Later they added: “Moreover, the mere fact that the Board approved a competitor’s application, does not establish that a protectable right has been violated.”
While justices Holdridge and Lytton largely stopped there, Justice Daniel Schmidt used a concurring opinion to pen a critique of the entire process by which Illinois approves hospitals and other health facilities.
He noted that, in 1974, when the Illinois Health Facilities Planning Act was enacted and the state health facilities review board empowered to determine if, when and where hospitals can be built in the state, supporters of the legislation argued the regulations were needed to control the growth of the cost of health care.
However, Schmidt noted in the intervening decades, the exact opposite of what was desired has occurred, as health care costs have skyrocketed, and the Planning Act and the regulations that accompany it have done little, if anything, to hold them in check in Illinois. Indeed, Schmidt argued, the opposite has occurred, saying the tight control of health facilities development has only stifled market competition in many regions of the state, while further making the review board a familiar stage and its members familiar players in Illinois’ storied and sordid history of political corruption.

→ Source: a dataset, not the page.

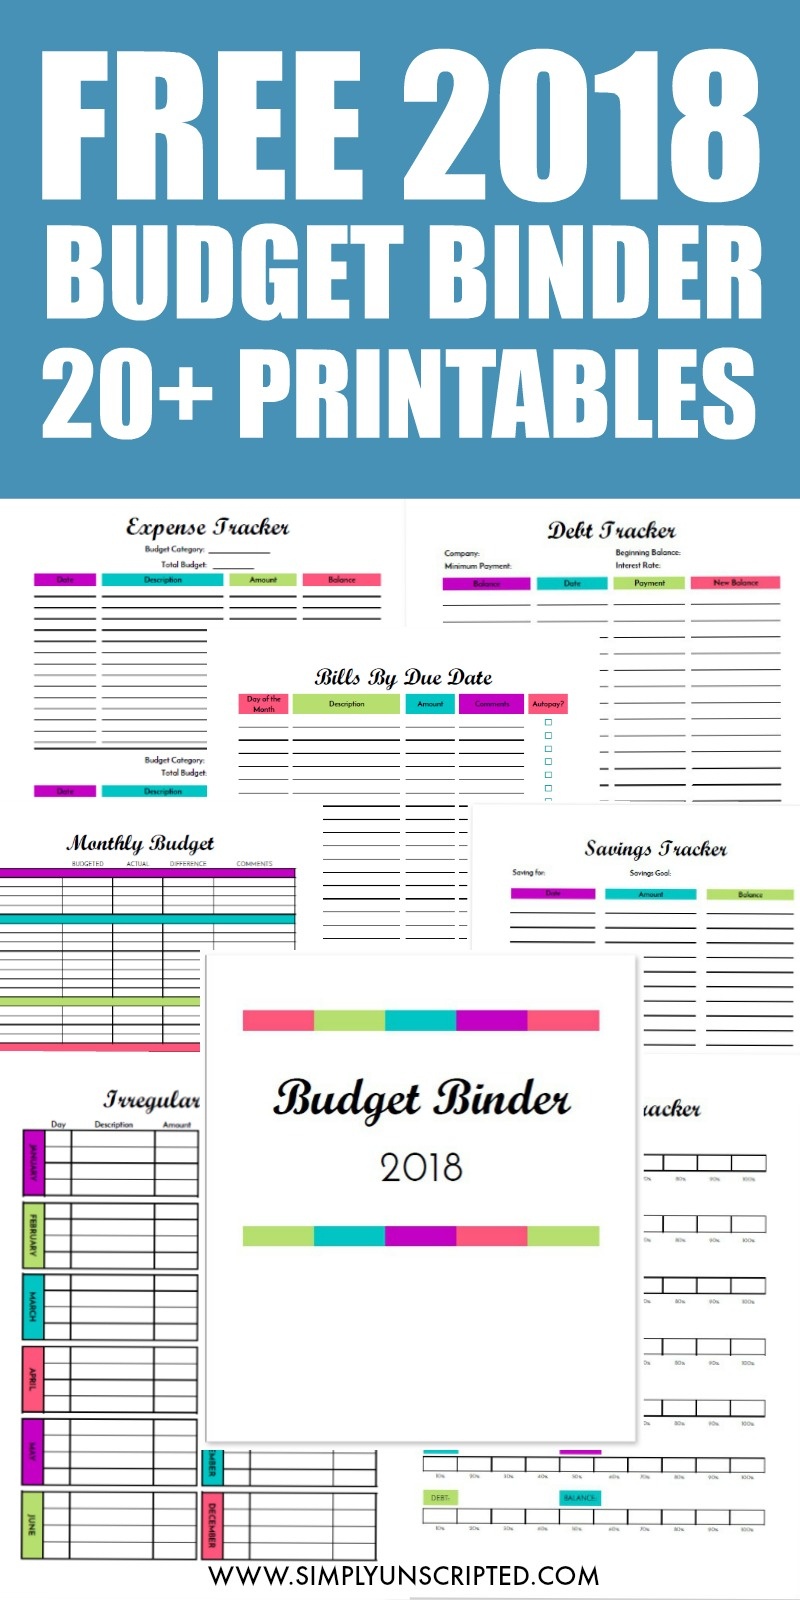 Free 2018 Budget Binder Printables - Simply Unscripted - Budget Binder Printables 2018 Free

He recited the infamous story of Stuart Levine, a health facilities board member who pleaded guilty in federal court “for using his position on the Board to squeeze hospitals for kickbacks and campaign contributions for his friends,” and of financier Tony Rezko, who Levine, as part of a plea deal, had testified “controlled” a majority of board members, and used that control to benefit former Gov. Rod Blagojevich.

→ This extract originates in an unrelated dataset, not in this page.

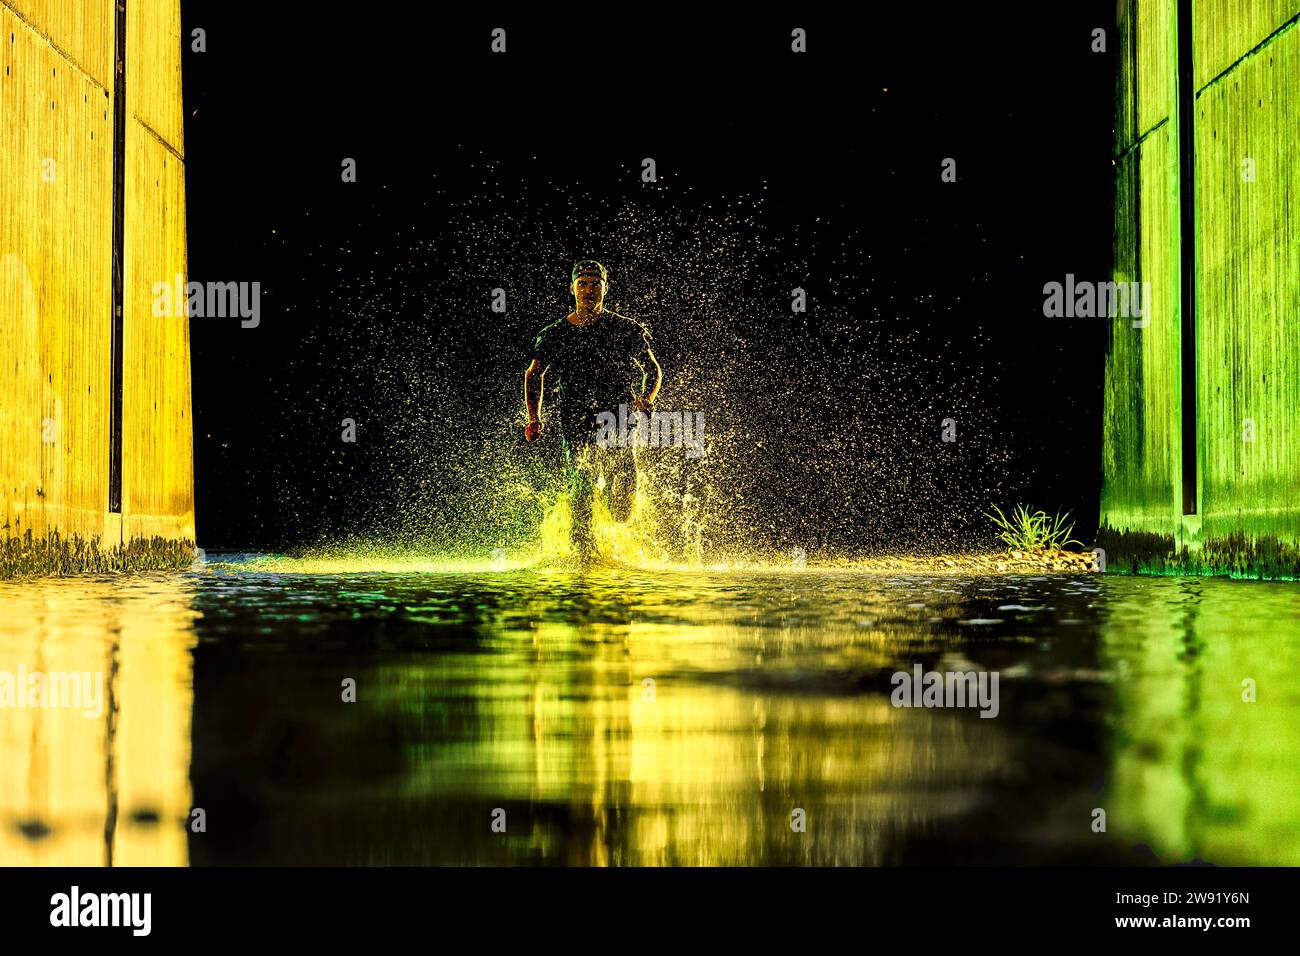 Man running in river water with neon lights under bridge Stock Photo

“And these are just the people who got caught,” Schmidt wrote.
He further noted the connection between the Centegra case and that of the investigation that took down Levine and Rezko.
“The application at the heart of the federal investigation? Mercy Crystal Lake,” Schmidt wrote. He cited testimony from Levine revealing the board had initially approved Mercy’s Crystal Lake hospital certificate of need after the contractor for that project agreed to cut Levine and Rezko a kickback of at least $1 million. Following that revelation, approval for the Mercy project was withdrawn, “paving the way for the case at hand.”
Schmidt said other states have disassembled their certificate of need permitting processes, finding the process only hinders the market and hurts consumers. And in the wake of the Levine-Rezko scandal, a state commission determined the certificate of need process does not “provide a protective effect for safety-net hospitals’ financial status.”
Yet, Schmidt said Illinois lawmakers have repeatedly and consistently stood by the certificate of need process and the health facilities review board.
“Ironically, eradicating the Planning Act would fulfill the state goal of the Planning Act,” Schmidt said. “Yet, as the cost of healthcare continues to rise and Illinois remains the poster-child for political corruption, the General Assembly repeatedly refuses to do so. This legislation assures that money keeps pouring in to Illinois politicians not only from those wishing to build new hospitals, but also from incumbent hospitals wishing to avoid any competition.
“By restricting the output of healthcare services and diminishing incentives to pursue innovation, the Planning Act imposes significant and unnecessary costs on healthcare consumers, i.e., the people of Illinois. As a result of this legislation, Centegra has been forced to jump through years of pointless hoops and incur untold unnecessary costs in order to build its hospital. Guess who ultimately incurs those costs.
“This is unacceptable,” Schmidt concluded.
While not specifically concurring in Schmidt’s opinion, Holdridge, trading on the old saw comparing lawmaking to the making of sausages, said he hoped “the light that Justice Schmidt shines on the factory floor in Springfield leads to the production of more sanitary and wholesome sausages in the future.”